Gelet op de hiervoor in 3.1 vermelde feiten is in het licht van deze parlementaire geschiedenis G een schip in de zin van artikel 8:1, lid 1, BW, en daarmee, gelet op het eerder overwogene, een zeeschip in de zin van artikel 37, lid 3, van de Wet. Klacht 1 is gegrond.

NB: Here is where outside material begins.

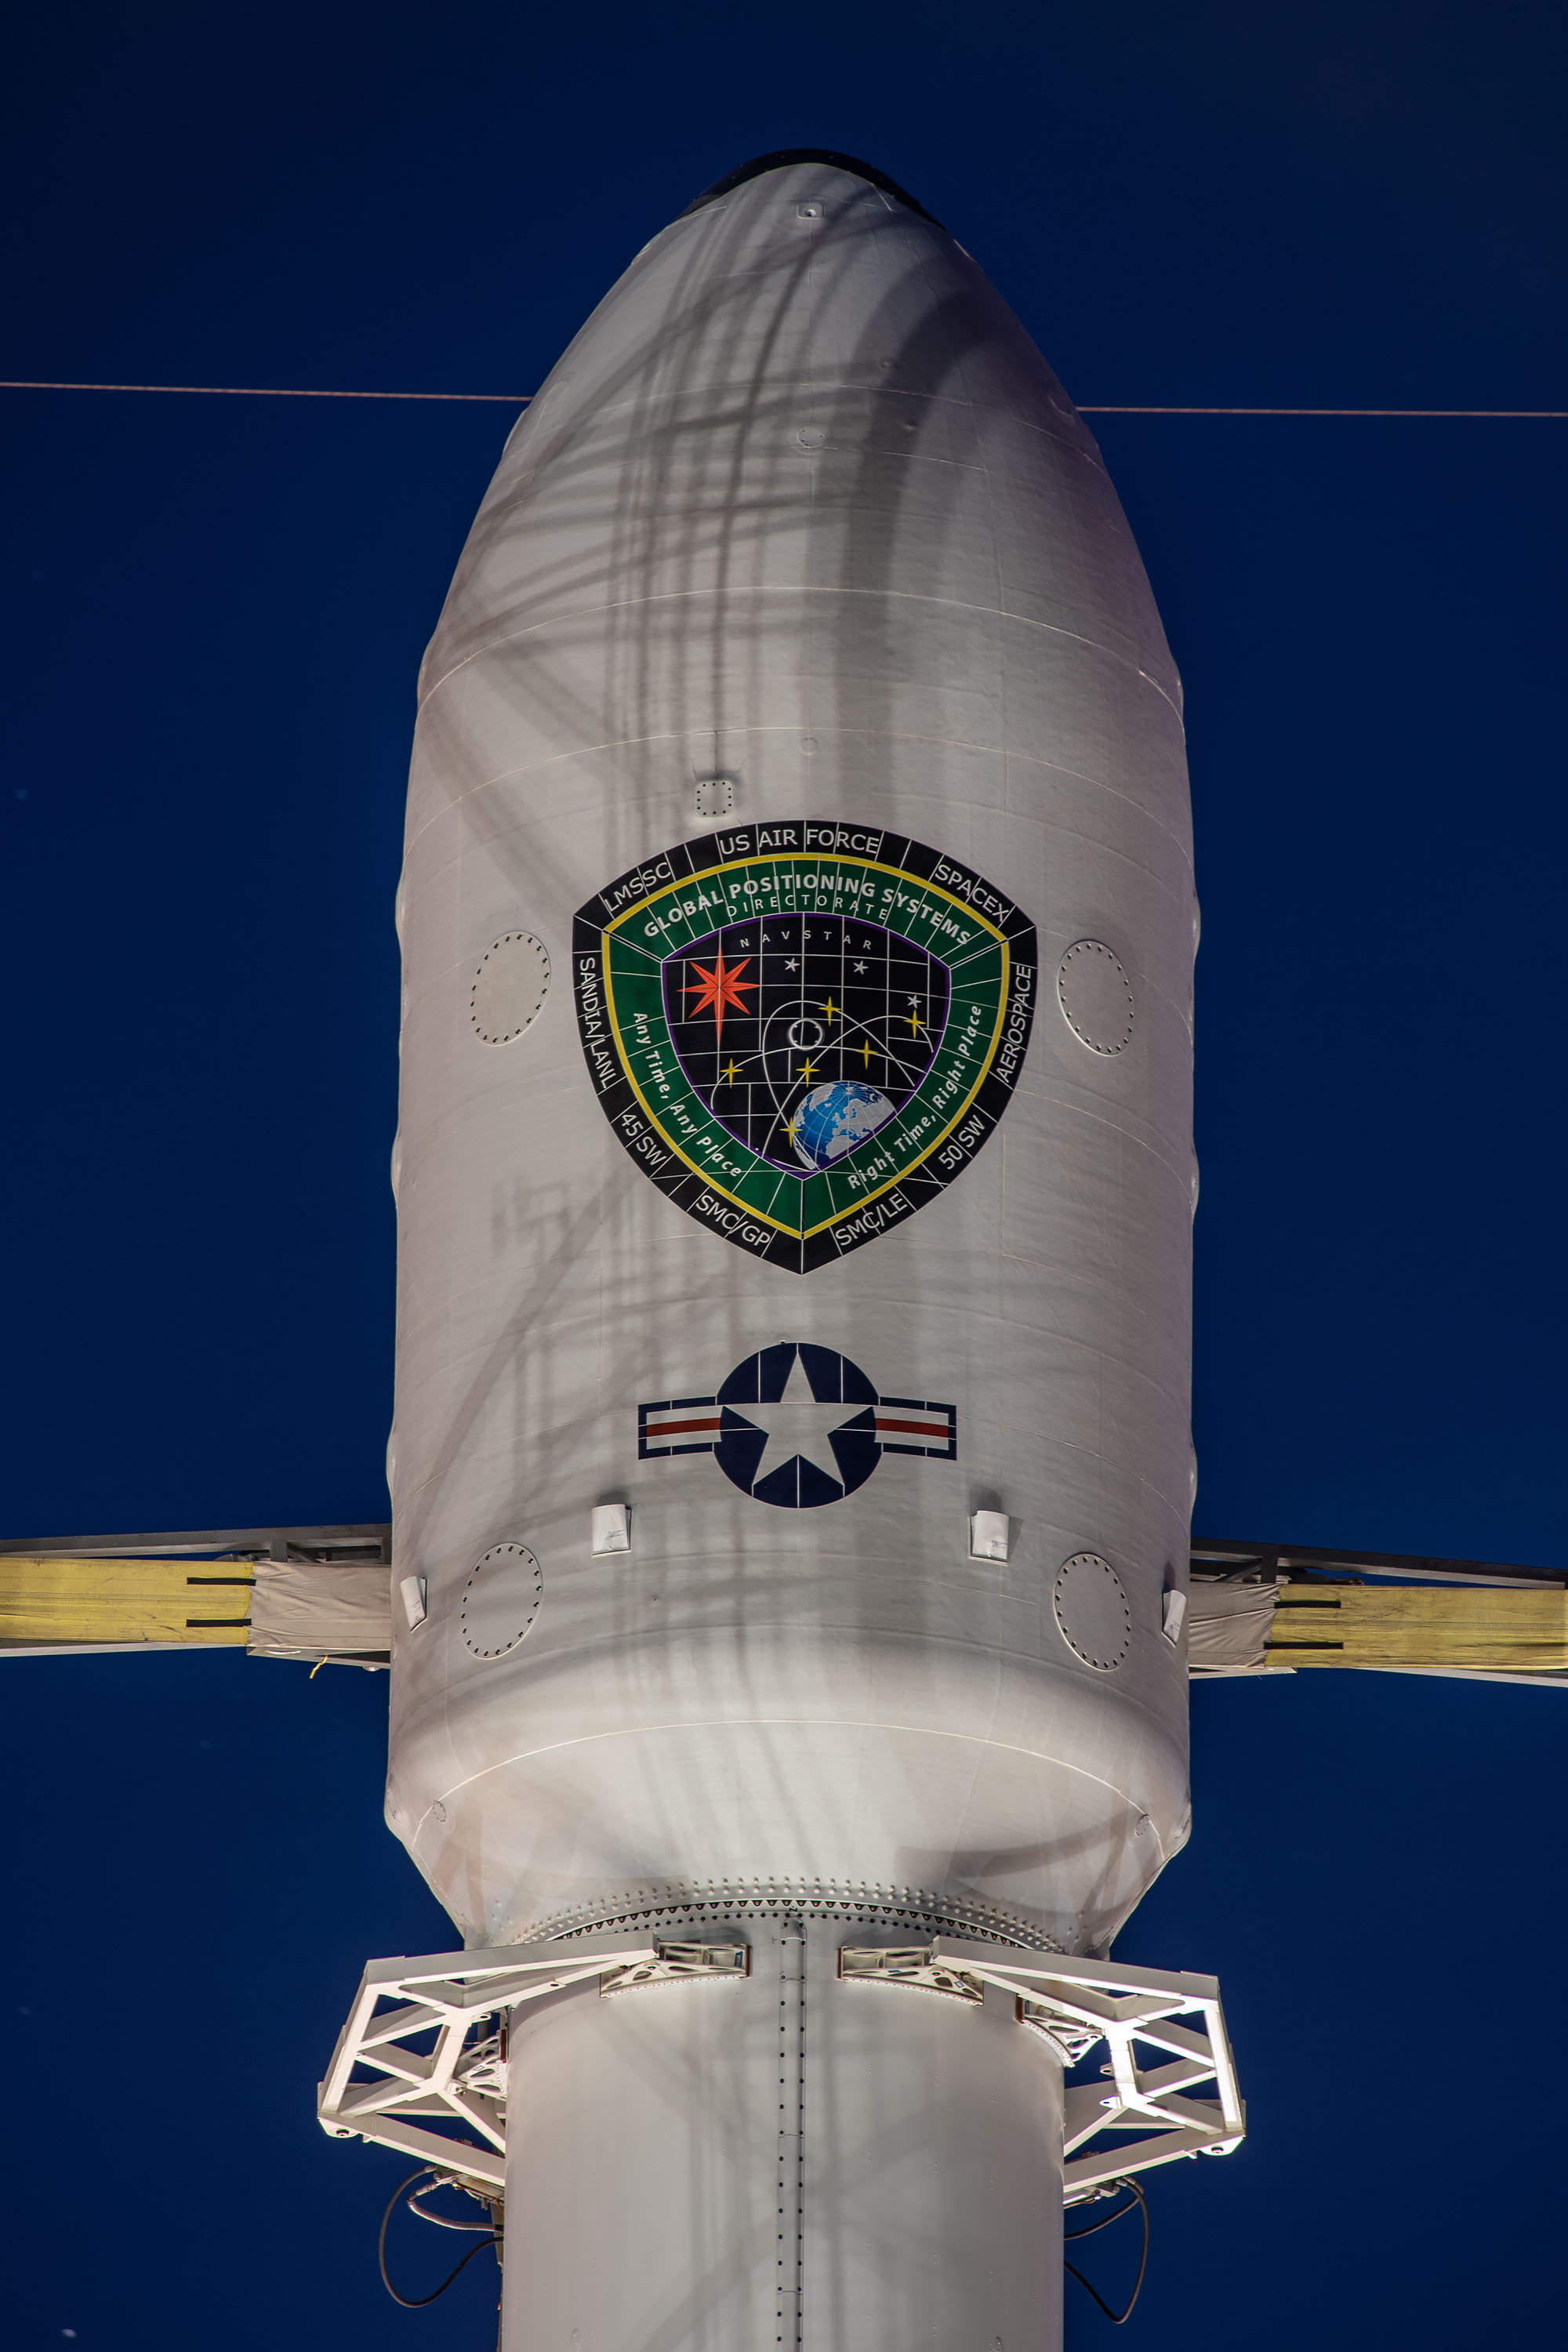 Falcon 9 GPS III SV01

3.7. 's Hofs uitspraak kan niet in stand blijven. De overige klachten behoeven geen behandeling. De Hoge Raad kan de zaak afdoen. Nu de Inspecteur ter zitting van het Hof heeft verklaard dat belanghebbende als scheepsgezel valt aan te merken, en buiten geschil is dat belanghebbende voldoet aan de overige voorwaarden voor toepassing van de zeedagenaftrek, dient die aftrek hem toegekend te worden. Ingevolge artikel 8a, lid 2, van de Uitvoeringsregeling inkomstenbelasting 1990 bedraagt de zeedagenaftrek ƒ 9 per zeedag. Aangezien tussen partijen niet meer in geschil was dat, zo recht zou bestaan op de aftrek, deze zowel voor 1998 als voor 1999 berekend moet worden over 195 zeedagen, dienen de voor die jaren vastgestelde belastbare inkomens te worden verlaagd met 195 x ƒ 9 = ƒ 1755.

4. Proceskosten

De Hoge Raad acht geen termen aanwezig voor een veroordeling in de proceskosten.

5. Beslissing

De Hoge Raad:

verklaart het beroep gegrond,

vernietigt de uitspraak van het Hof, alsmede de uitspraken van de Inspecteur,

vermindert de aanslagen tot aanslagen naar een belastbaar inkomen van onderscheidenlijk ƒ 89.282 (1998) en ƒ 87.332 (1999), en

gelast dat de Staat aan belanghebbende vergoedt het door deze ter zake van de behandeling van het beroep in cassatie verschuldigd geworden griffierecht ten bedrage van € 82, alsmede het bij het Hof betaalde griffierecht ter zake van de behandeling van de zaak voor het Hof ten bedrage van ƒ 60 (€ 27,23), derhalve in totaal € 109,23.

Dit arrest is gewezen door de vice-president A.G. Pos als voorzitter, en de raadsheren L. Monné, P.J. van Amersfoort, A.R. Leemreis en C.J.J. van Maanen, in tegenwoordigheid van de waarnemend griffier A.I. Boussak-Leeksma, en in het openbaar uitgesproken op 28 mei 2004.